Common app draft - Gilda`s Club Louisville

Unconquered
By Burke Tinsley
Failure of my own body was probably the biggest “failure” I’ve had in my life. My DNA in
one of my epithelial cells replicated to grow a brain tumor. Just one microscopic mistake
changed everything. My body completely failed during that experience. My body failed even
after the surgery— pneumonia, meningitis, seizures, and then because of brain injury, my body
failed me even further. I couldn’t move, talk, eat, walk, or run. Nothing was the same any more.
Even after I got “better”, I couldn’t do anything like I used to. Nothing was the same. It took me
one hour to eat an Oreo, and that was after seven months of not eating anything, having “food”
poured into me through a tube.
Before this happened, I had never failed. Sure, maybe I didn’t do well on a particular
test, but no real failure. I was an A student with a B in Greek that really bothered me and was
trying to bring up. I loved to draw, and I was thought of as an artist. I joked a lot, loved science
and history, and did improv and biology camps. And I loved running cross-country. It felt like I
could fly. Now, nothing worked.
I can remember being in the hospital room, unable to move or speak. I wondered if it
would always be like this. I drifted in and out of awareness. Sometimes, I went into “my world”
that I had created when I was nine or ten. I know it’s silly, but it helped. My world, Zalcemane,
has creatures I created, its own alphabet and language, and different rules of physics. I would
escape.

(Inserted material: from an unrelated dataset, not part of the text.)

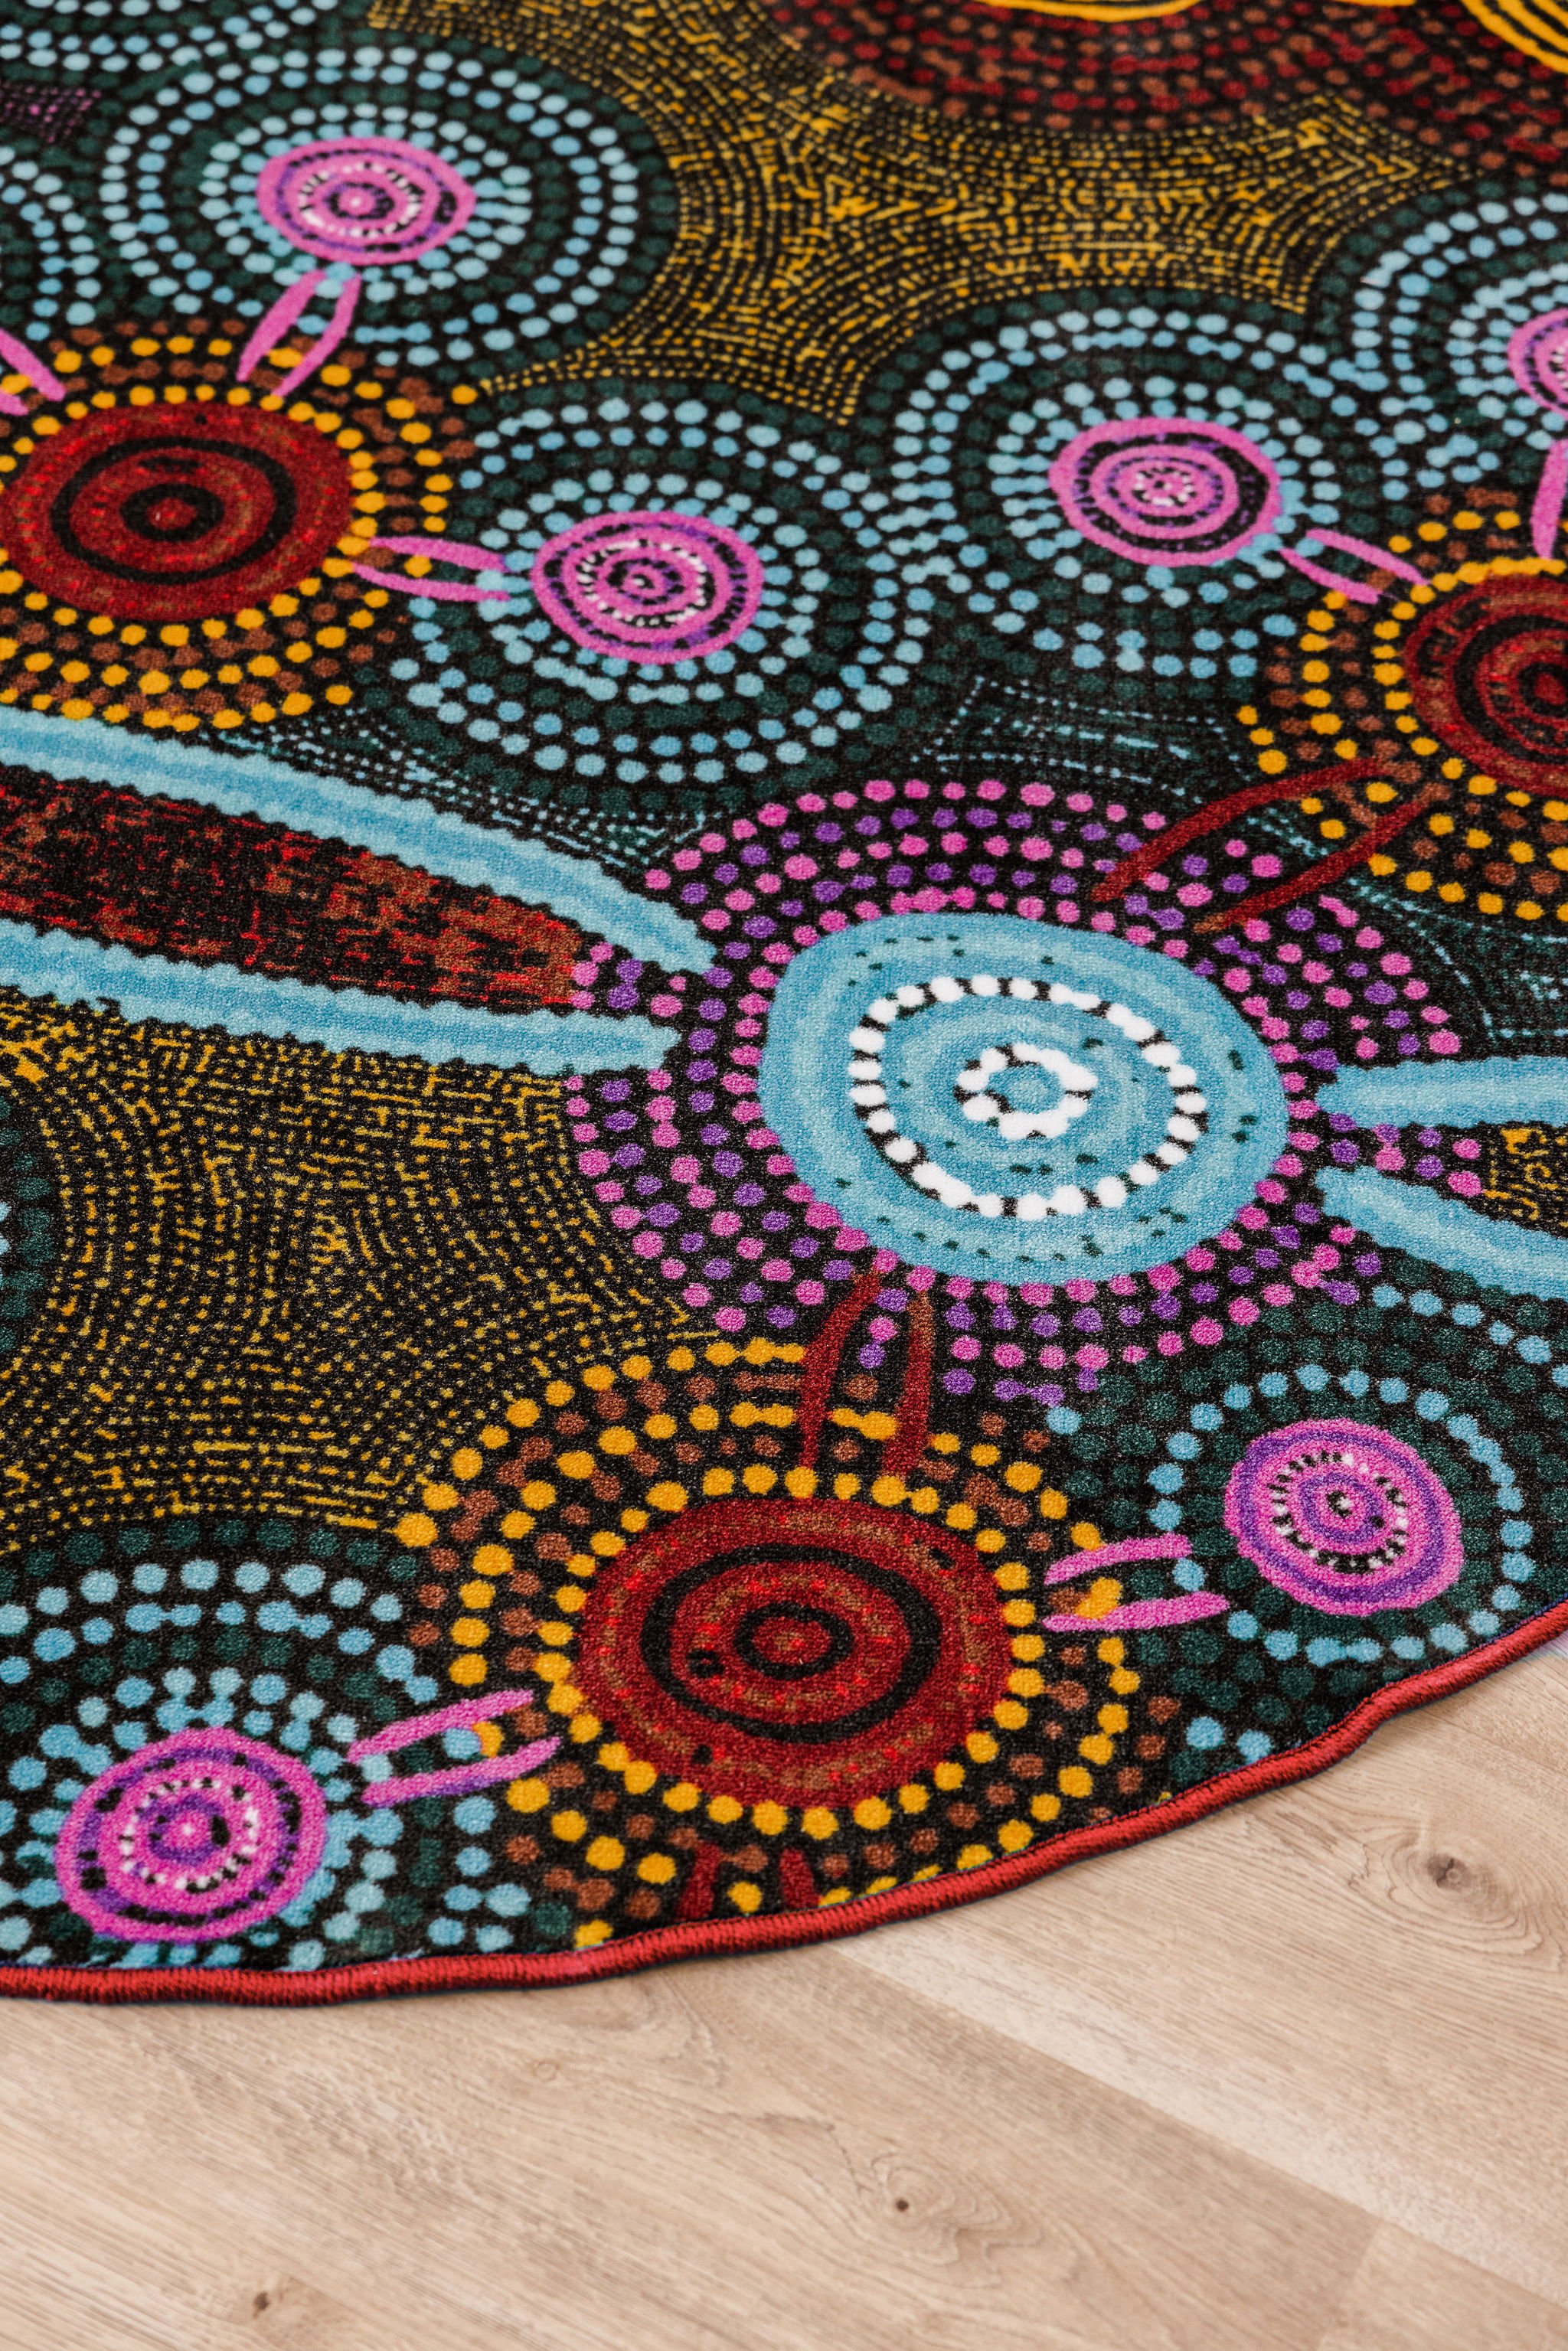 Tanika-Blair-Photography-Emro-Designs-Daycare-Aboriginal-Floor-Rugs-43.jpg

I’d like to say I was a person who never gave up. But I did. I can remember one night
when the pain and isolation were just too much. I gave up. I welcomed death. Then I felt a
presence. It was real. You know how you know someone is in the room, even when it is
completely dark? I know some people will say I was hallucinating, or it was all the drugs they
gave me. But I believe it was God. And I know God kept me going that night. I know lots of
days and nights slipped by where I was unaware of what was happening, but that memory of
that night is completely clear.
A friend gave me the poem Invictus by William Earnest Henley. It was read to me,
because I couldn’t read anymore. The poem stuck with me, and the lines, “I am the master of
my fate; I am the captain of my soul.” Mr. Henley was hospitalized for three years, and I was
only hospitalized for one. Mr. Henley was trying to walk again. That poem meant a lot to me.
When I left the hospital and my eyes started to work again, I re-read Invictus, and C.S.

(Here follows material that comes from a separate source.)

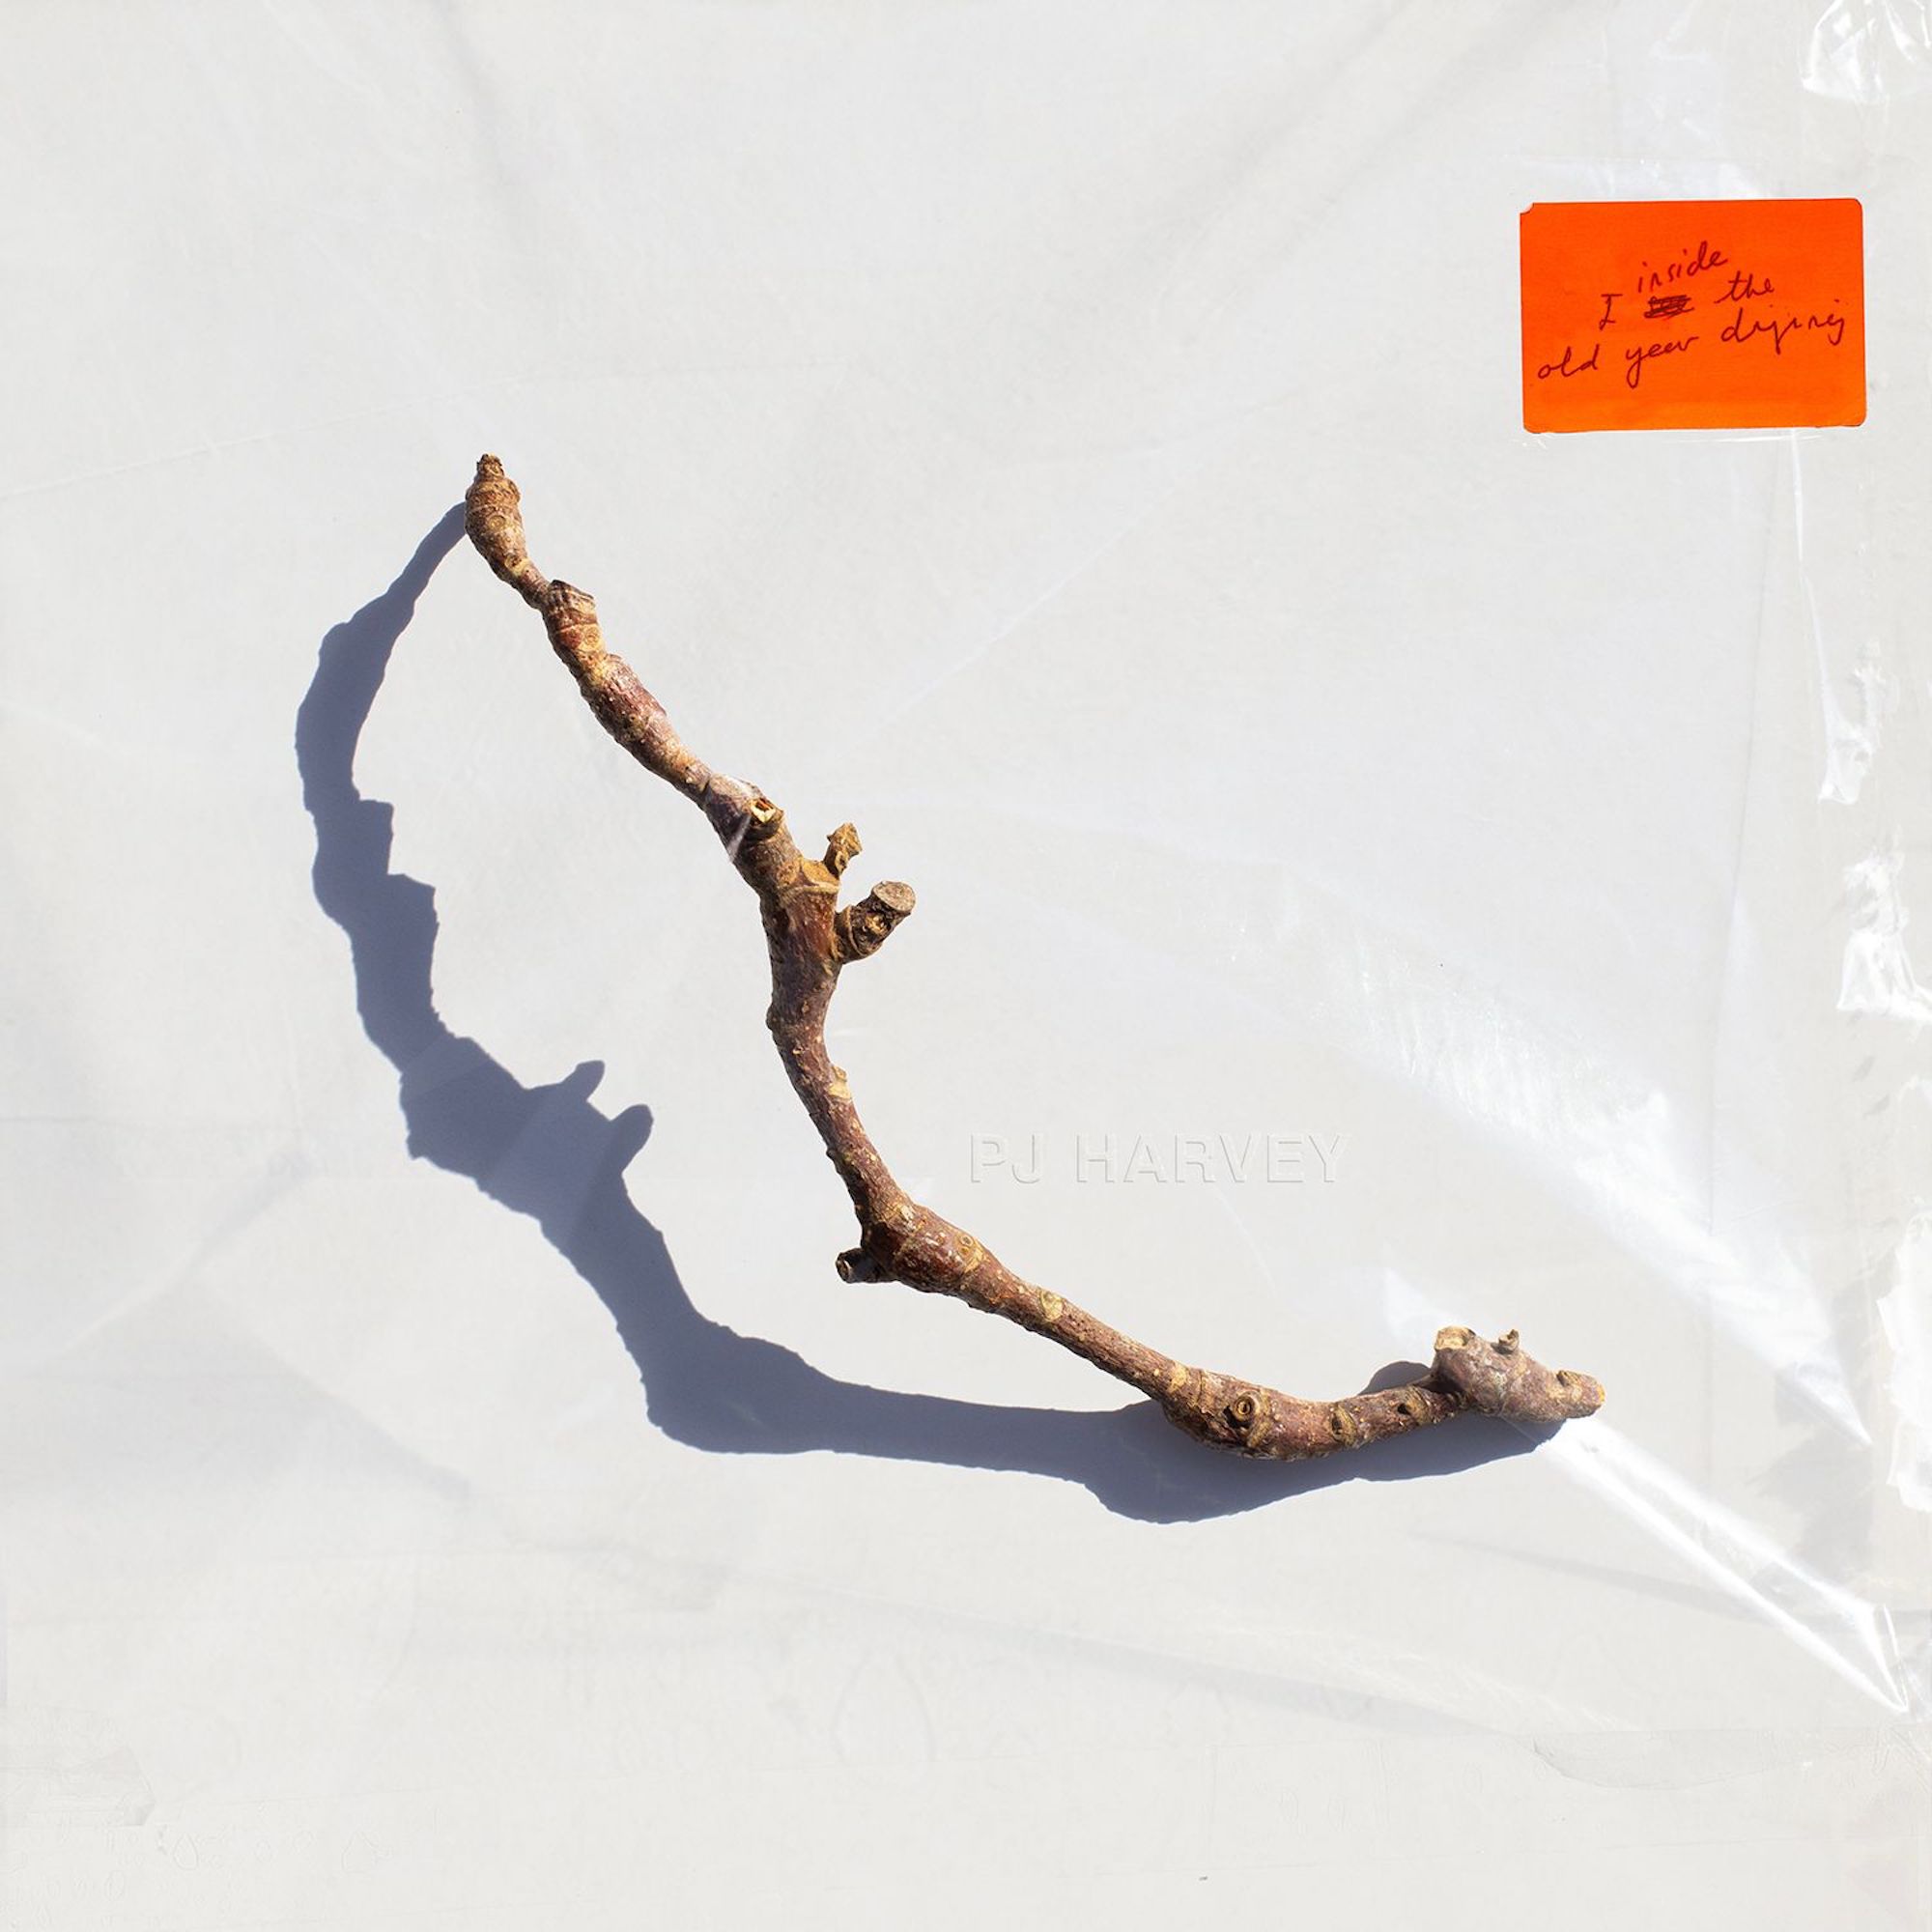 PJ Harvey 'I Inside The Old Year Dying' album artwork

Lewis’ book The Problem of Pain. I think that helped a lot. I’d like to say I’m a person who never
has doubts, but that’s not the case. I struggle with doubts and have to re-visit why I’m here, and
the purpose of everything.
It helps to help others. I’ve volunteered at Gilda’s Club with younger kids, and that gave
me a feeling of purpose. It was just little things, like face-painting at festivals, but it helps. I also
helped train a rehabilitation dog. Brantley was afraid of wheelchairs and traffic and he couldn’t
be a good therapy dog if he didn’t get over it. I helped him to do better with wheelchairs and
traffic.
I draw for hours even though I’m not very good at it any more, to try to improve. Gilda’s
Club offered a free portraiture class and I took the class. That really helped. I tried to get into
Governor’s School for the Arts, even though I thought I would be rejected. And guess what, I got
in! Even though my body continues to fail me, I can still have a life! For three weeks, I was able
to do art, all the time, and meet amazing people.

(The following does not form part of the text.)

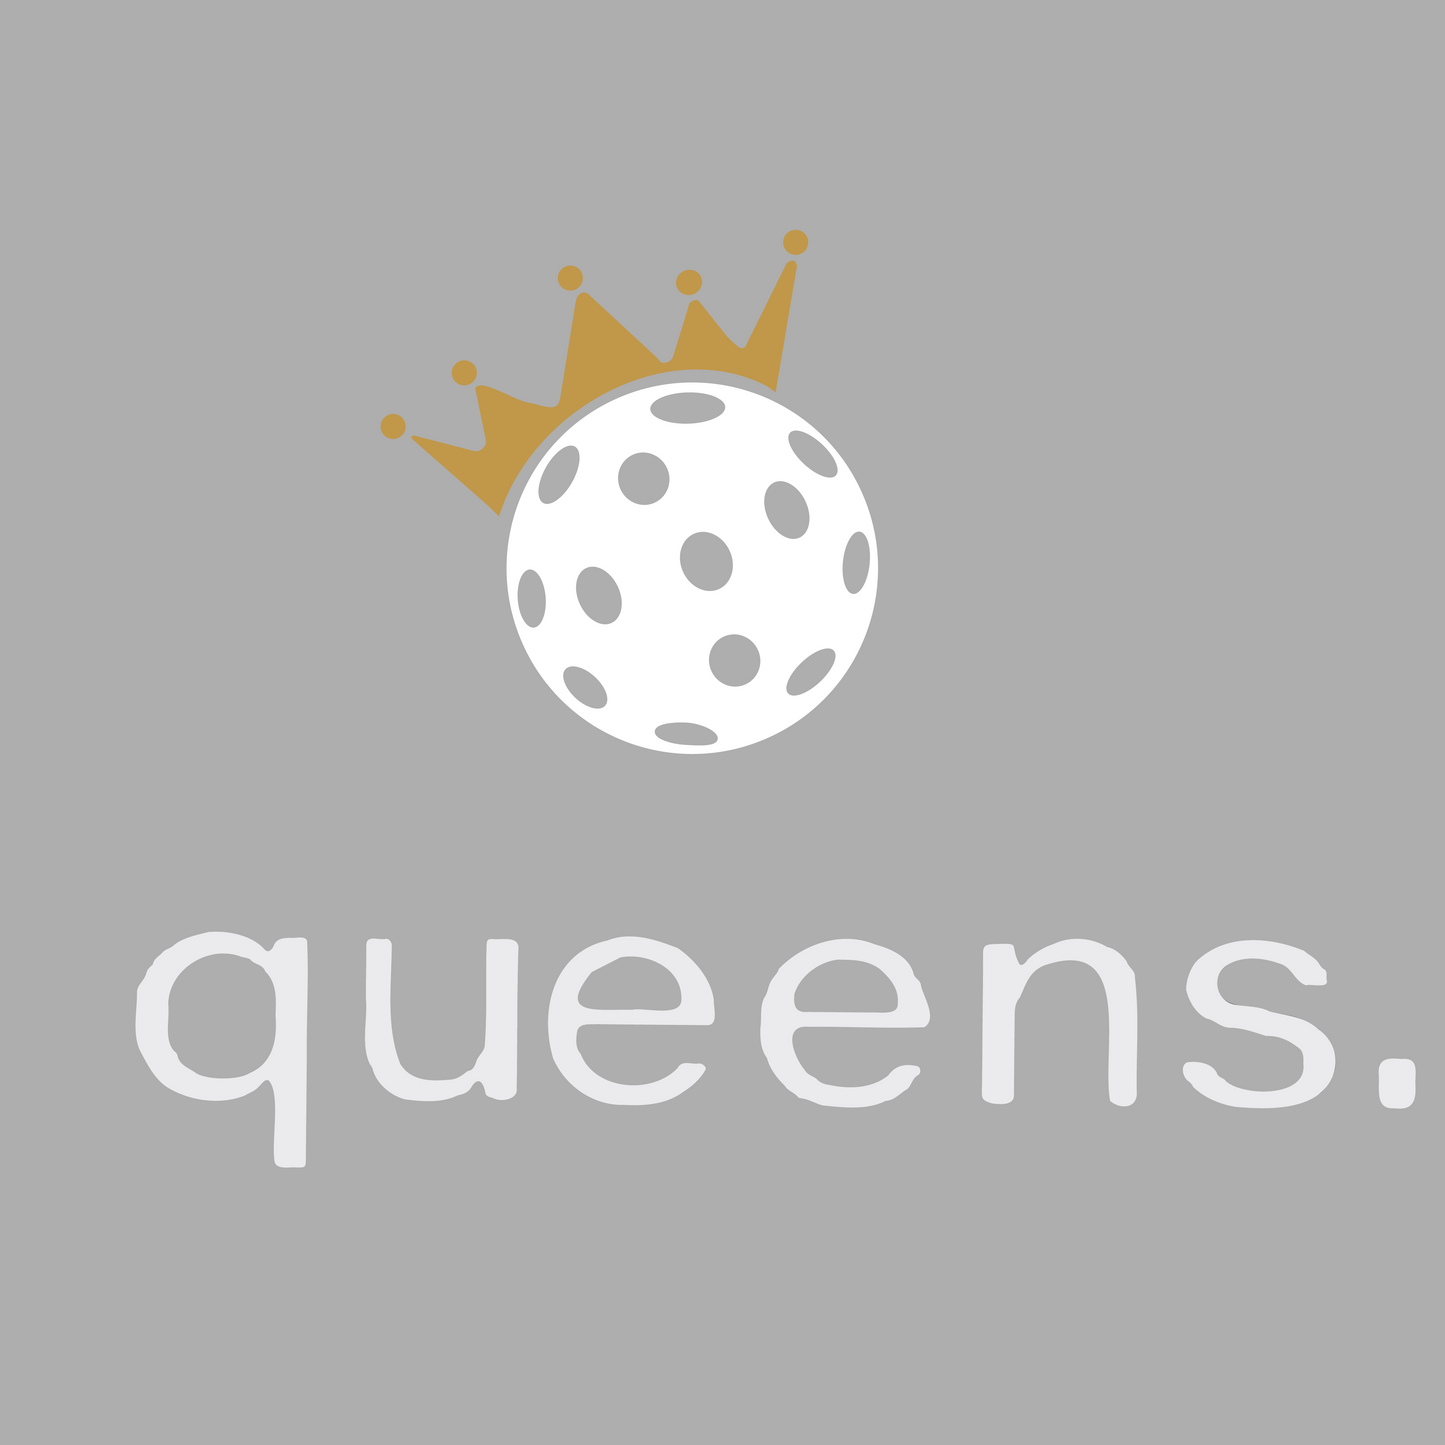 Pickleball Queen and Crown | Pickleball Sports Duffel | Medium Size Court Bag

I keep trying in school, even though my memory isn’t like it used to be, and my speech
sounds stupid. I’ve gotten rid of the wheelchair and the walker, and now I’m trying to get rid of
the cane. In my dreams at night, I can still run. I would give anything to run again. I still want to
be a teacher of some kind. I love ideas and talking about them. I love art, and Latin, biology and
philosophy. Hopefully I can help my future students know they can overcome anything. What
I’ve learned from failure is to keep going. Invictus. Unconquered.